| The problem |
Reproduce the listing word for word. Skip any image.
START Data below
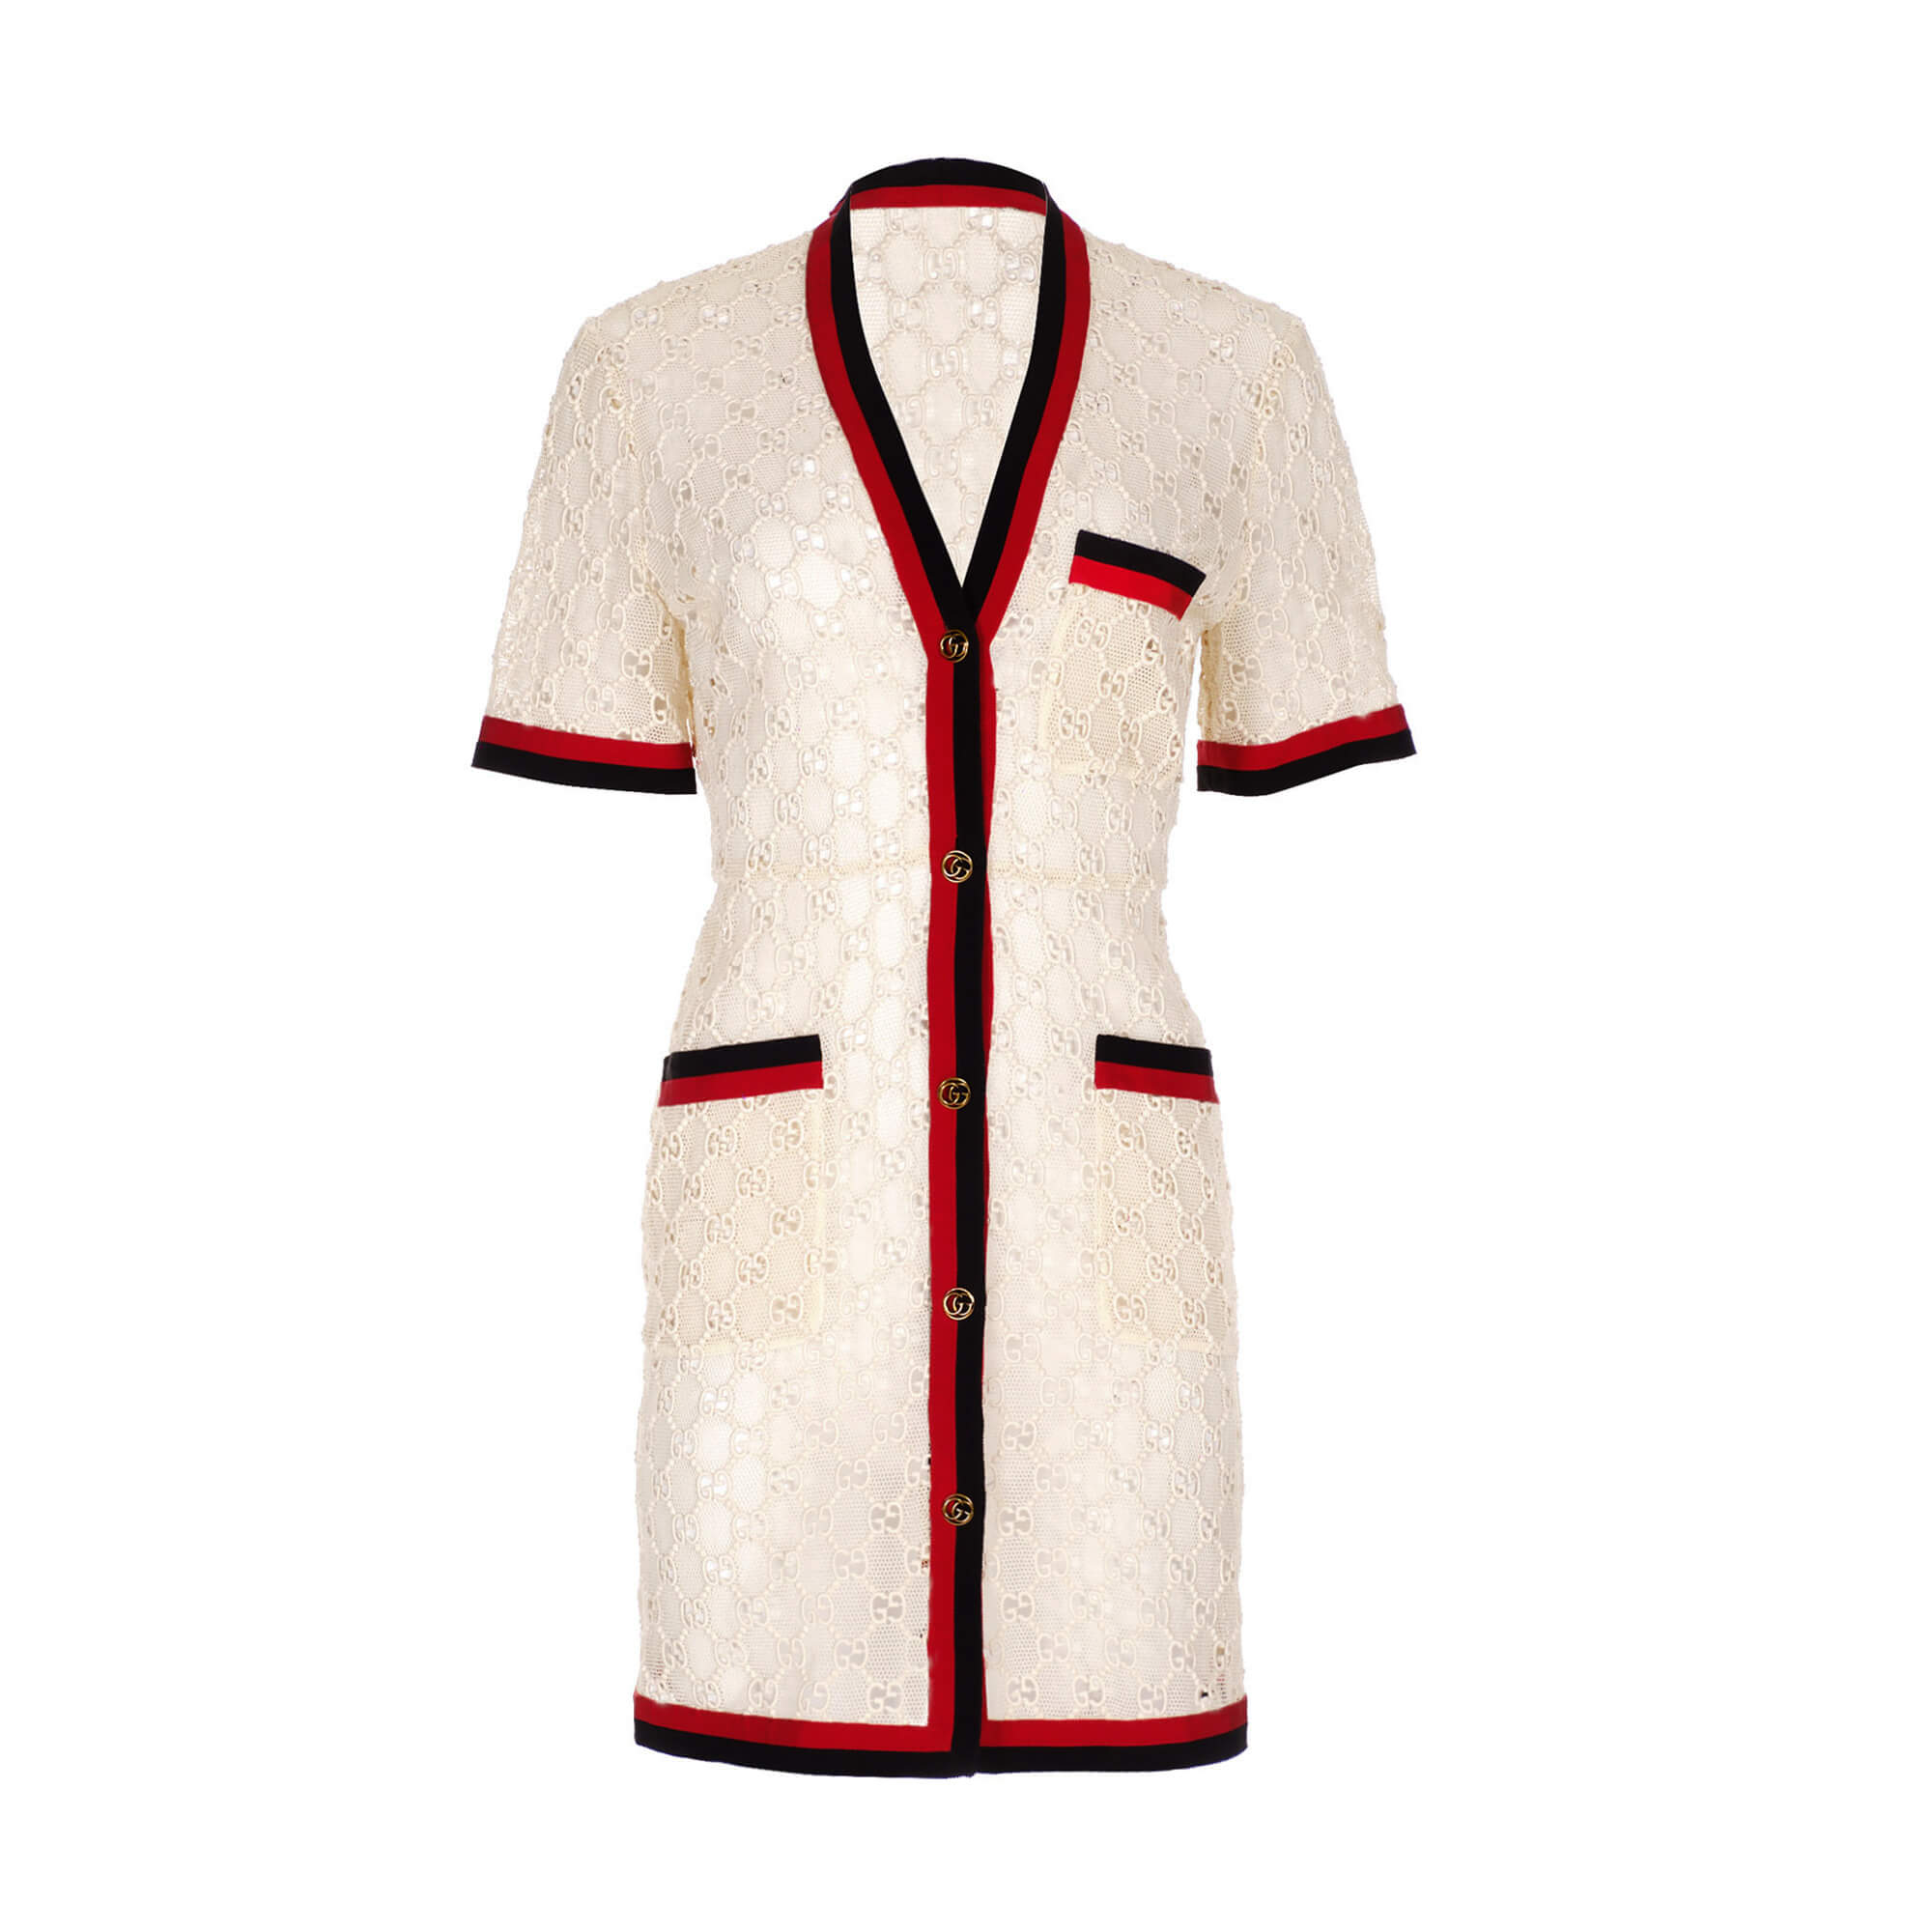 Women Gucci Short Sleeve Button Dress -  White Size S IT 42 US 6
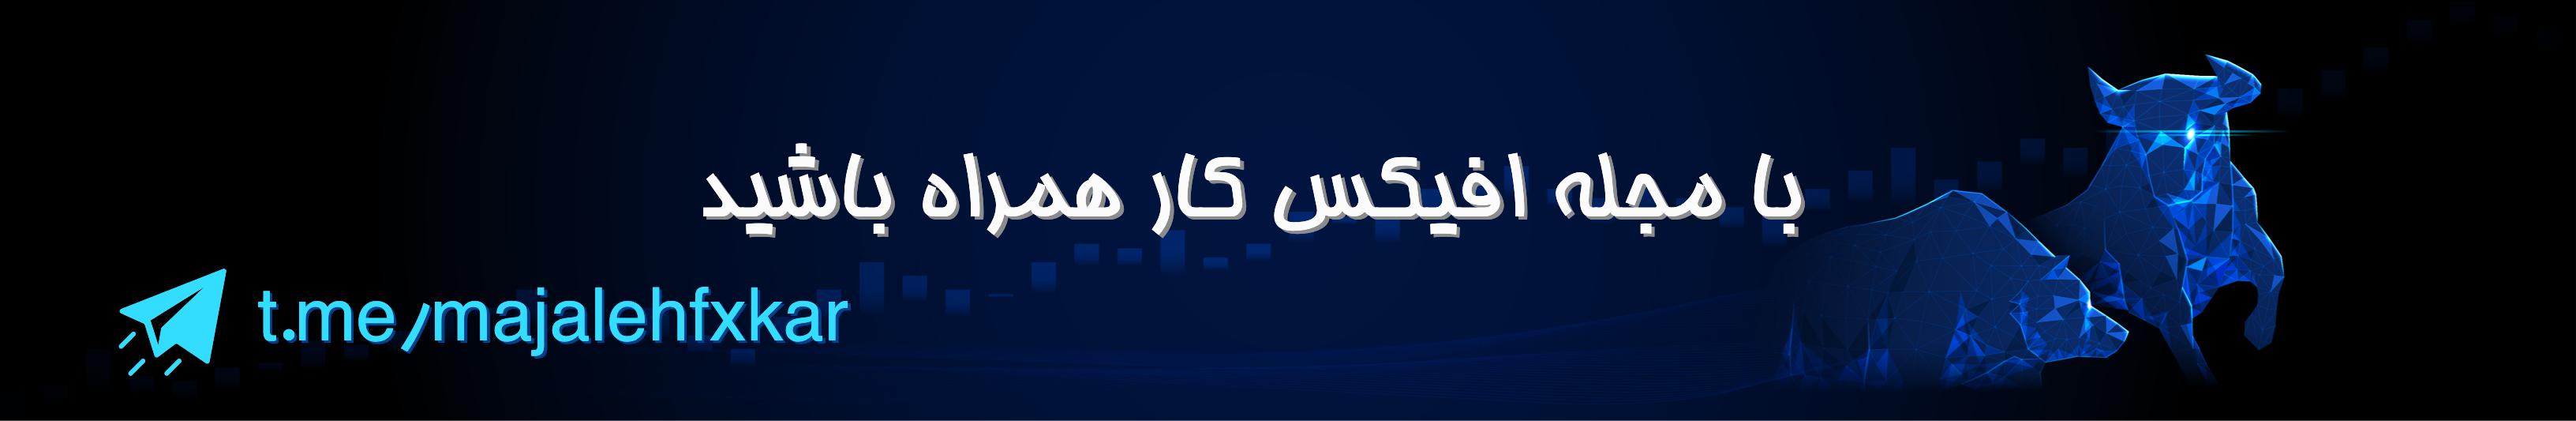 تلگرام مجله افیکس کار
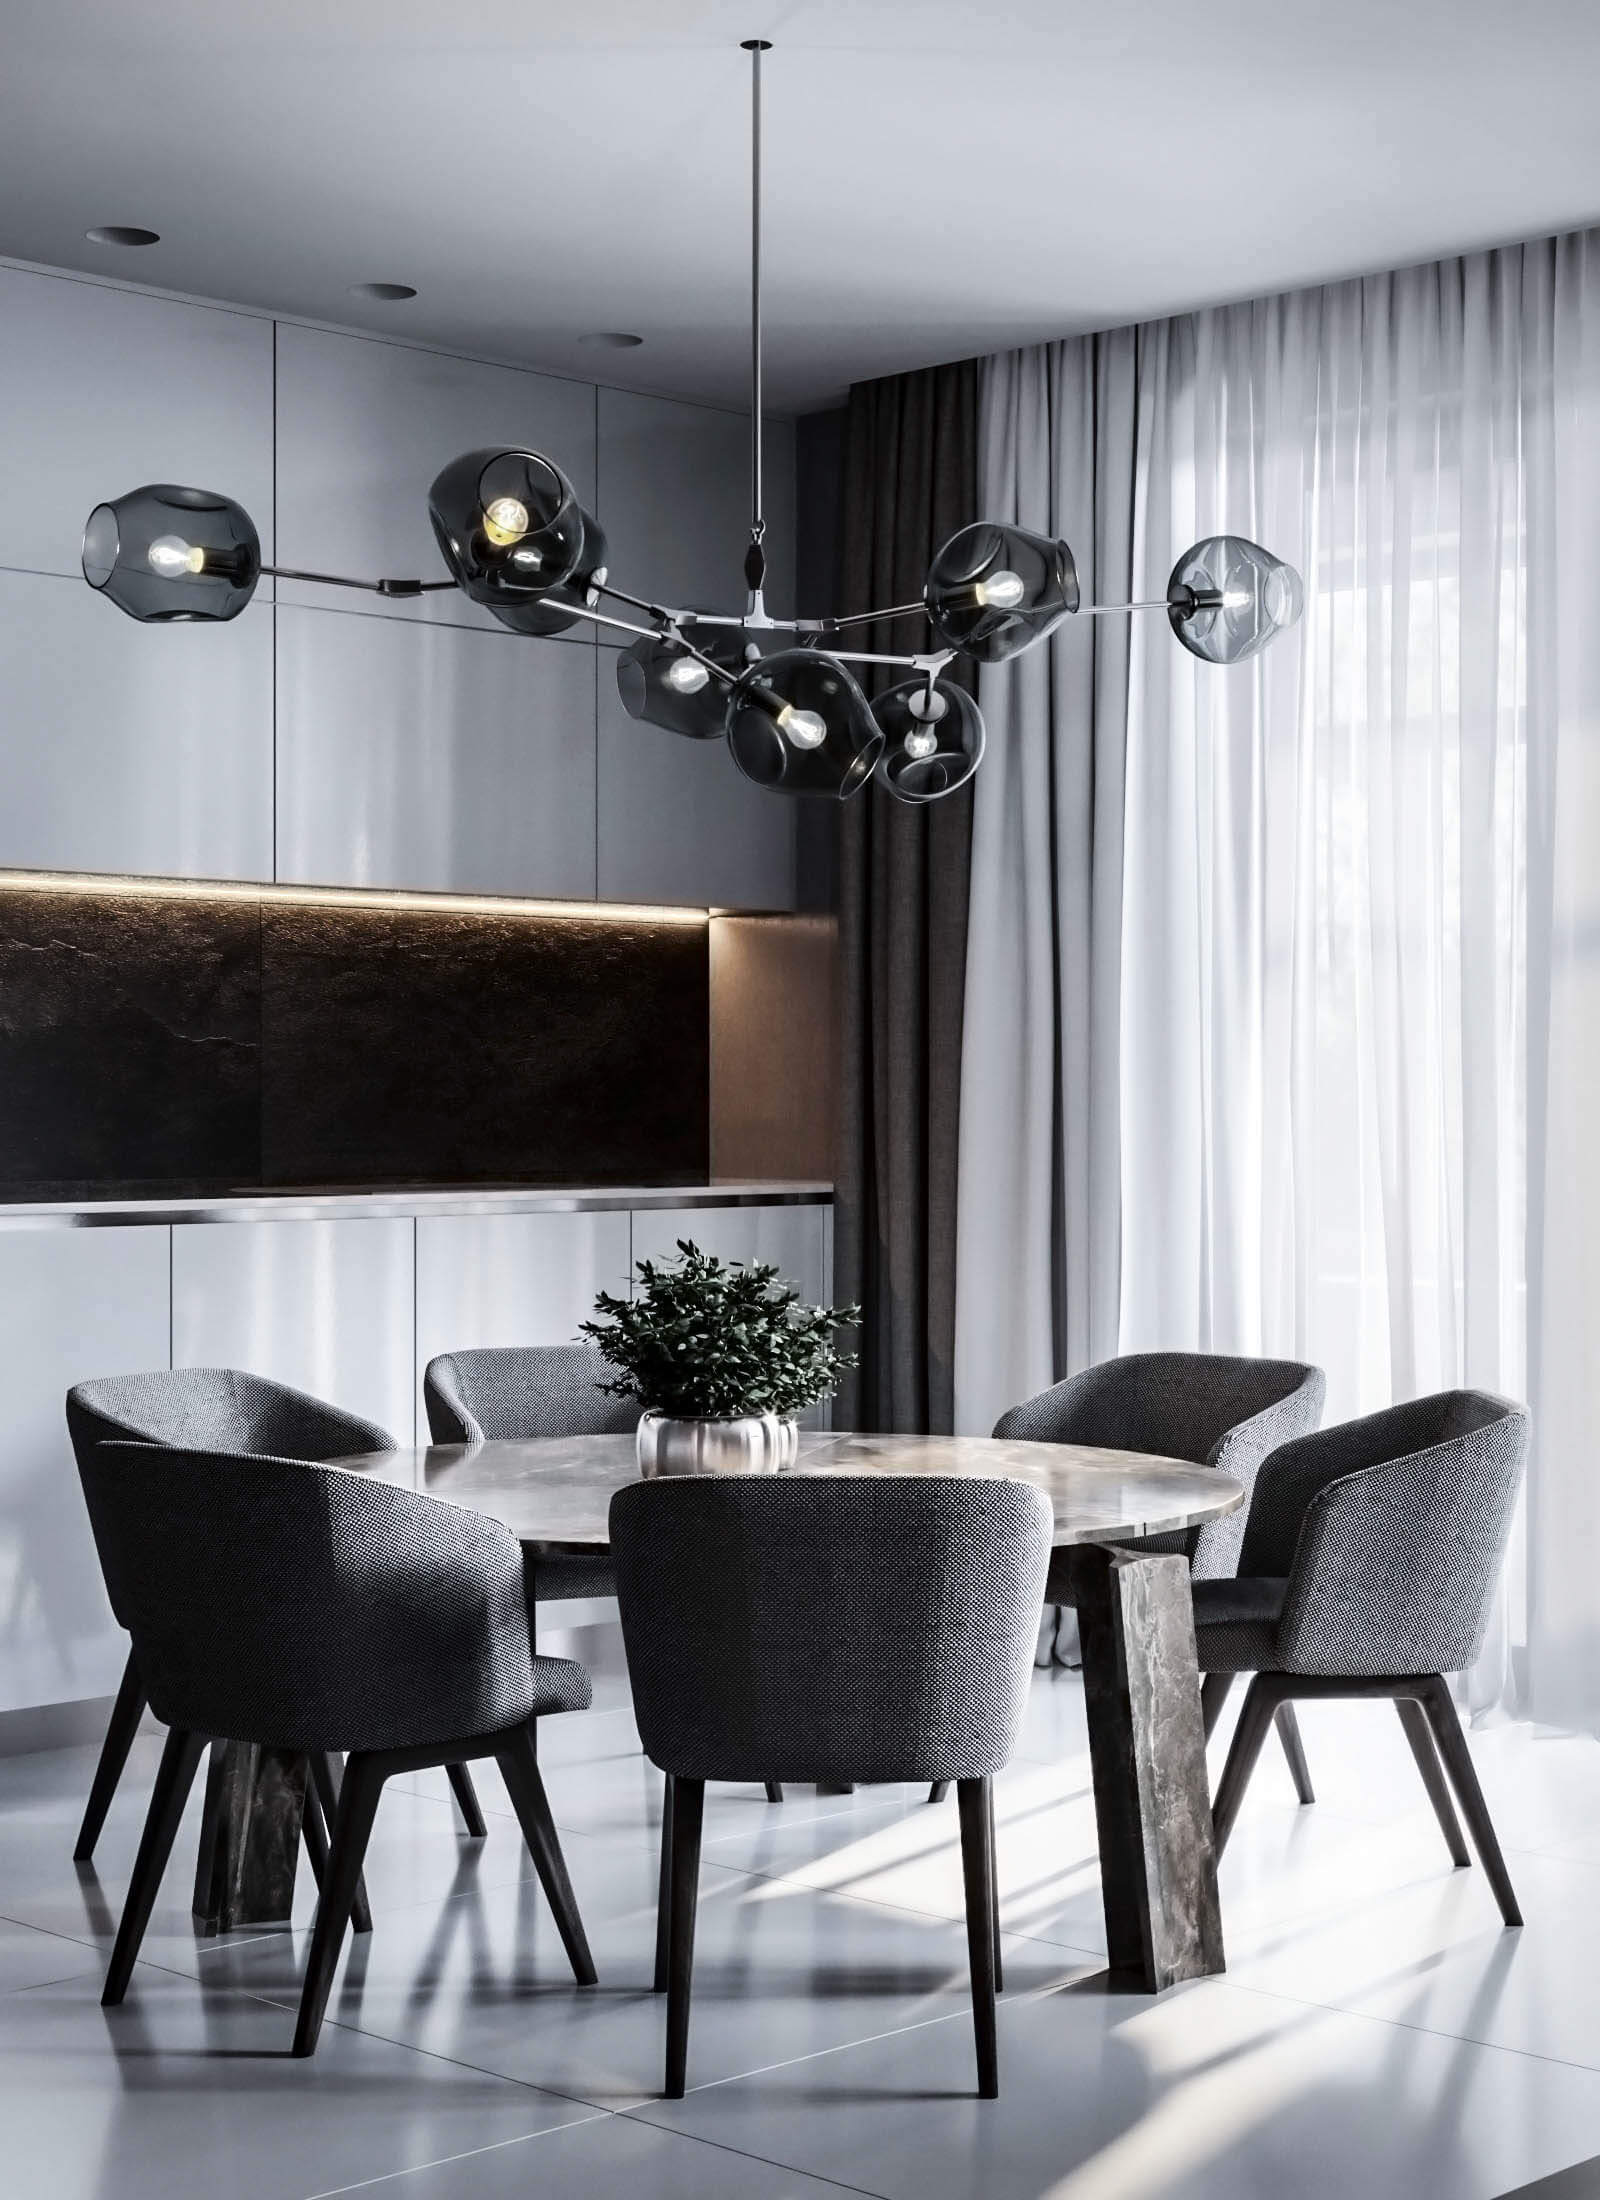 Dubrovka apartment sideboard dining room - cgi visualizatiomn
END Data below
| Solution to the exercise |
 Women Gucci Short Sleeve Button Dress -  White Size S IT 42 US 6
 تلگرام مجله افیکس کار
 Dubrovka apartment sideboard dining room - cgi visualizatiomn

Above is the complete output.